Sprinting, is a highly technical skill that has been determined to be an outcome of stride length and stride frequency. The basic premise is that the longer your stride length, this will allow you to cover more distance and will help you be faster, and for stride frequency, the shorter time you take between each stride, the faster you will be able to sprint. Stride length is primarily determined by limb lengths and motor control and typically is optimized once the athlete begins to learn the skill that is sprinting. So while this is a determinant of speed, there is little to be done to improve it once the pattern has been set. Stride frequency is based on two factors, flight time and ground contact time, and commonly is trained by teaching athletes to quickly “turn over” and move their legs as fast as possible. While this may make sense at first glance, a deeper dive into the subject shows that flight time, no matter if it’s measured from Olympic level athletes or your average grandma remains relatively unchanged. In fact when studies on stride frequency are done, the one commonality among elite level sprinters is that they get on and off the ground the fastest which is the main factor that can be modified to improve maximal sprinting speed. So while it may be common practices to ask your athletes to swing their feet faster to be faster, this actually doesn’t determine sprint speed and instead the focus should be on shortening the ground contact times.

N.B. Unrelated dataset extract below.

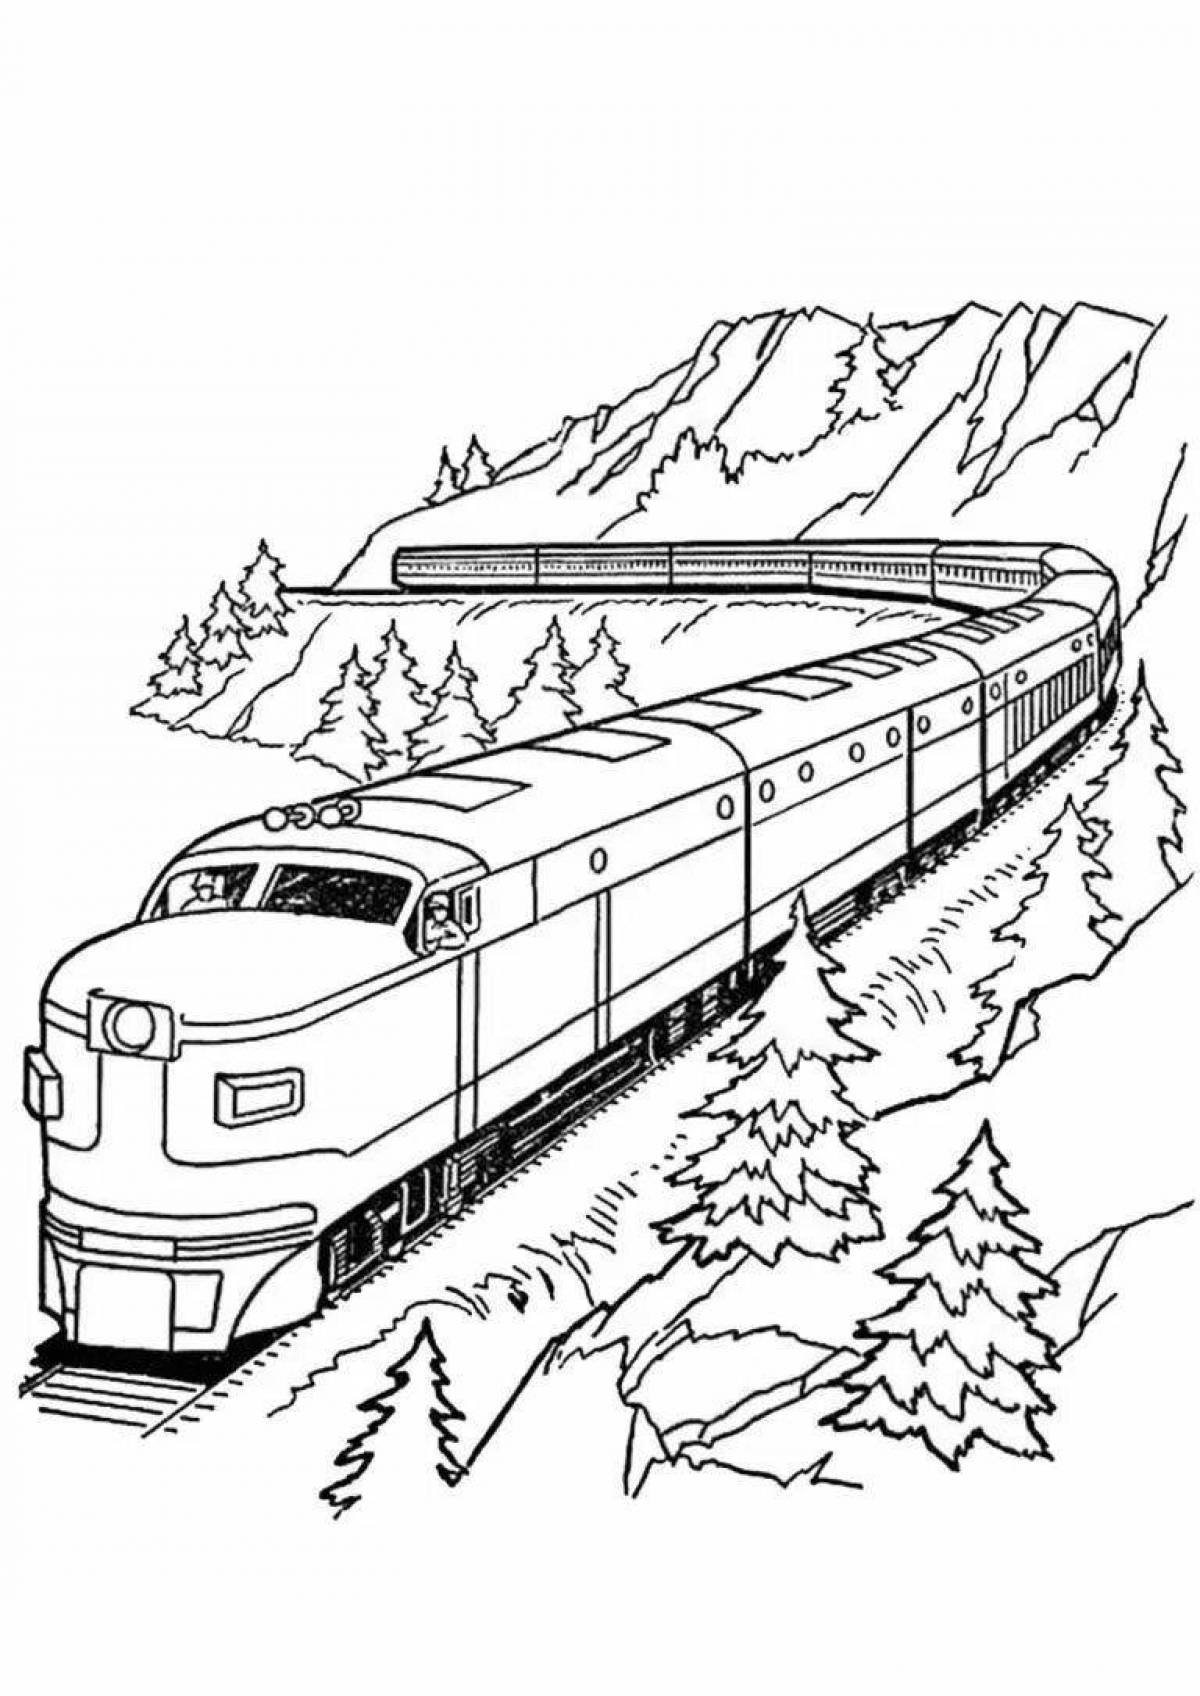 Illustration of a fun train

With emphasis being on shortening ground contact times, there are a few ways to do it. First and foremost, proper body positioning must be maintained. The pelvis should be slightly posteriorly rotated (butt tucked down) as this sets the body up for proper positioning at touch down, as well as not allowing the swing leg hip into hyperextension. By being in proper position at touch down, with the stance leg under the hips, the ground contact time is reduced because the leg effectively acts as a spring and gets up and off the ground without any extra time needed to get into position, but when an athlete reaches out in front of them, this may seem like it will increase stride length and will improve sprinting, but in reality it increases braking forces at the foot and increases the amount of time needed to get into proper position and then off the ground.
A second important training factor for improving sprint performance is to get strong. There are clear correlations of an athletes squat one rep max and their sprint time being faster up to about a strength level of 2x body weight. Another reason this is important is because during sprinting, forces of up to 5x body weight are experienced at every ground contact, and that’s only on one leg, so increasing the amount of force you can put into the ground in a very short period of time is essential to sprinting faster. Strength training also increases the stiffness of your tendons, the ability to withstand deformation, which is essential to being able to withstand the forces associated with sprinting.
Ultimately while sprinting is a highly technical skill, the major determinant of success and running really really fast is how quickly you can get off the ground. Making sure that you are in proper position at touch down, getting strong are some of the best ways to aid the effort of getting fast, instead of spending time trying to move your legs faster or increase your stride length which may ultimately lead to decreases in performance.